Friedebert Tuglas, born Friedebert Mihkelson or Michelson (2 March 1886 – 15 April 1971) was an Estonian writer and critic who introduced Impressionism and Symbolism to Estonian literature. Persecuted by the authorities in the beginning of 20th century, he later became an acknowledged representative of Estonian literature in the Soviet era.

Biography
Tuglas was born in Ahja, the son of a carpenter, and studied at the Hugo Treffner Gymnasium from 1904 to 1905. After imprisonment for revolutionary activities, he went into exile in 1906, living in Finland, Germany, Belgium, Switzerland and France, before returning to Estonia in time for the February revolution of 1917.

His most famous short story is Popi ja Huhuu. He was the member of the Siuru literary group and leader of Estonian literary group Young Estonia (Noor-Eesti) in the beginning of 20th century. He was one of the founders of the Estonian Writers' Union and served as its chairman in 1922, 1925–1927 and 1937–1939.

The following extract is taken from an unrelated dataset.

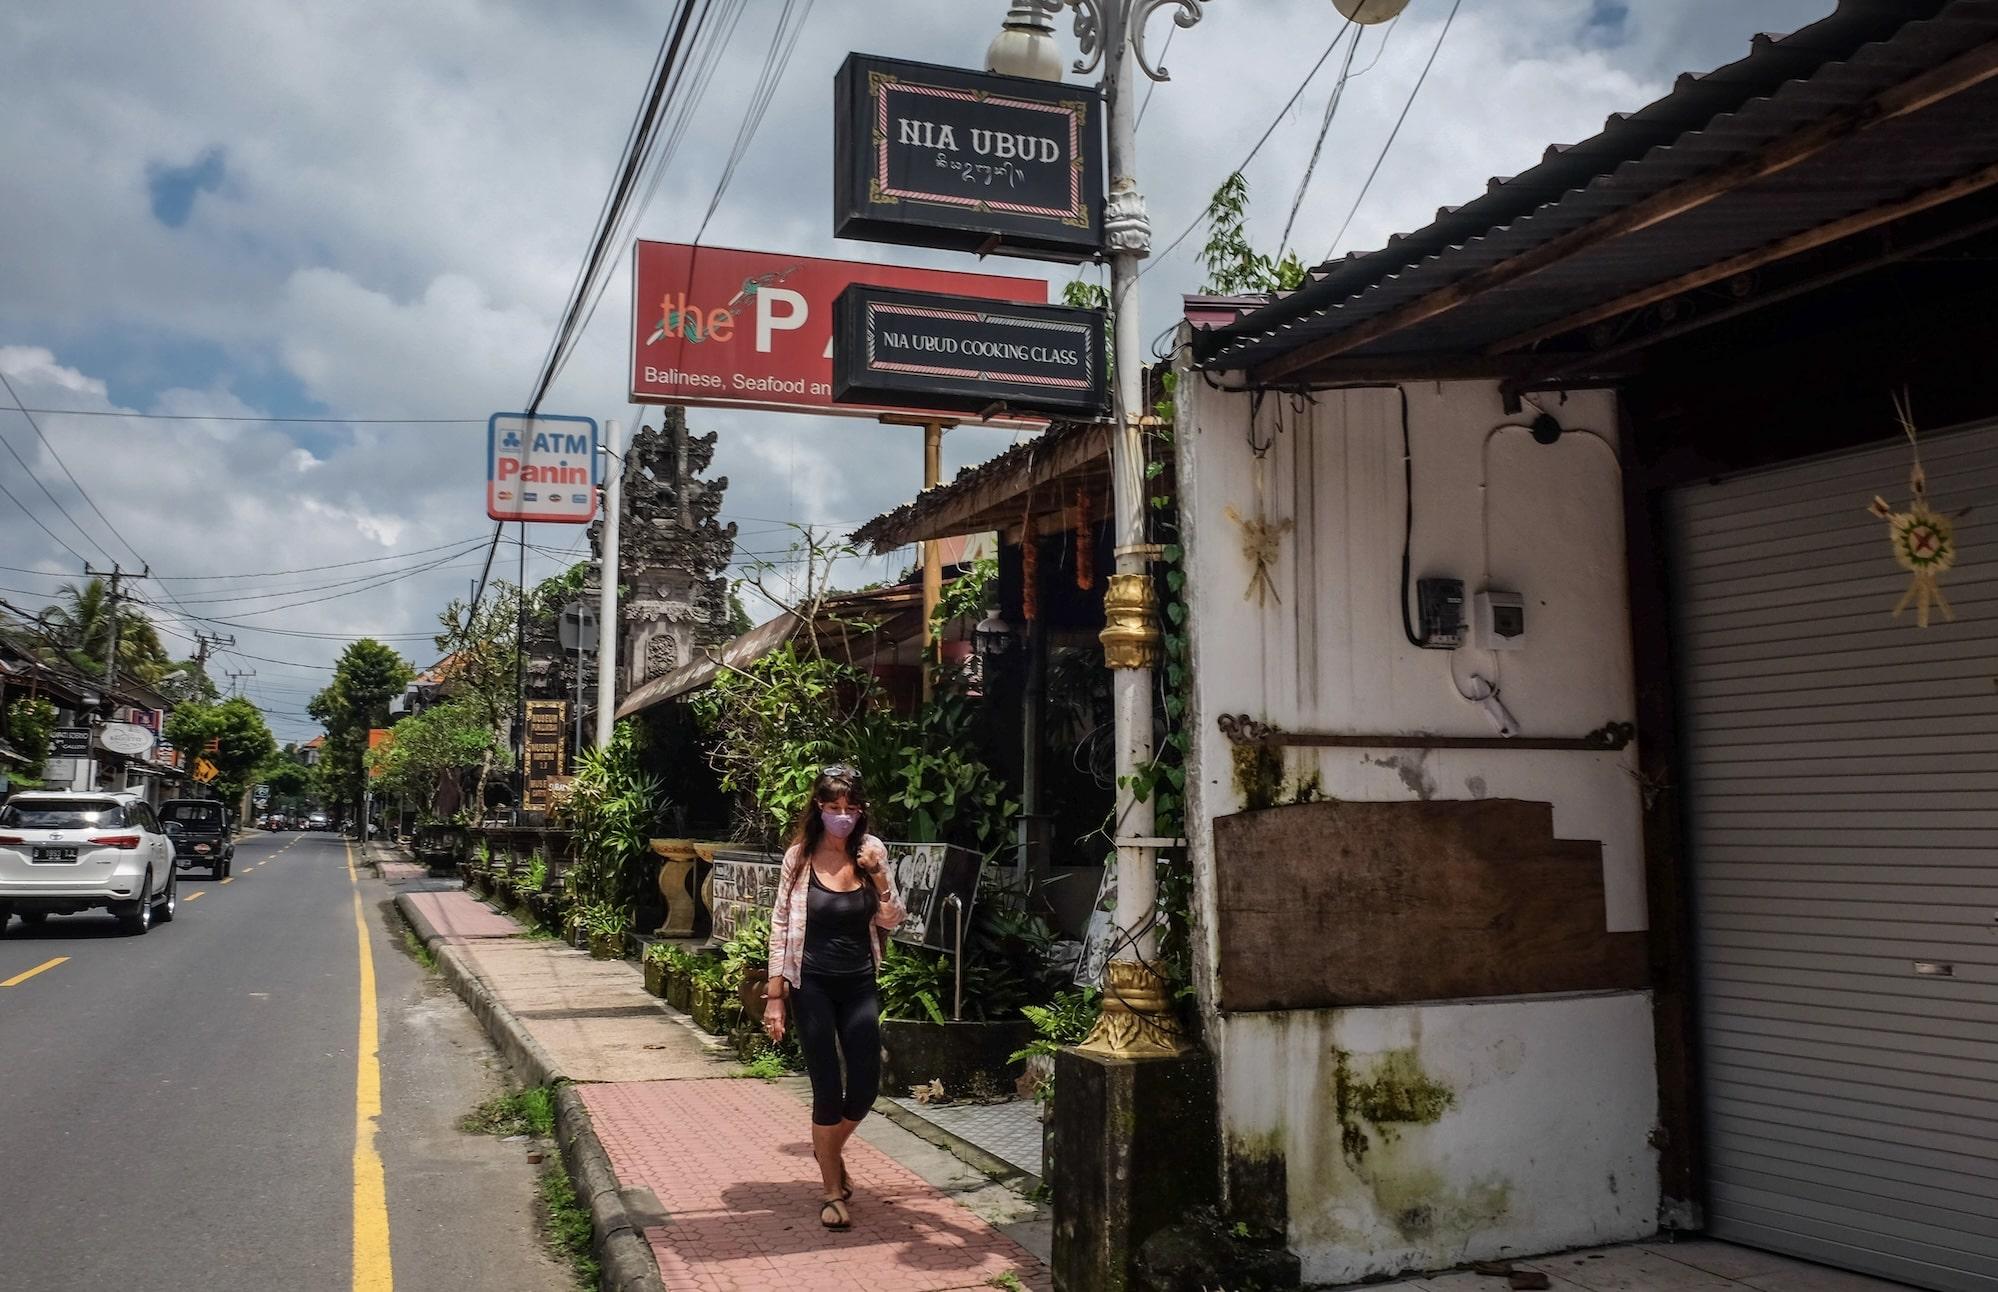 Bali Senator Urged Gov't To Impose Full Lockdown

Tuglas was granted the title of People's Writer of the Estonian SSR in 1946. The same year he was elected a corresponding member of the Soviet Estonian Academy of Sciences. He subsequently fell into disfavor, officially blacklisted, deprived of his civil rights and excluded from membership in all institutions, including the Writers’ Union, from which he was expelled in 1950.

Tuglas died in Tallinn in 1971, aged 85, not long after completing his memoirs, acknowledged as a major work in the writer's life. A museum commemorating his life was opened in Tallinn the same year. A short story prize commemorating Tuglas was established in 1971.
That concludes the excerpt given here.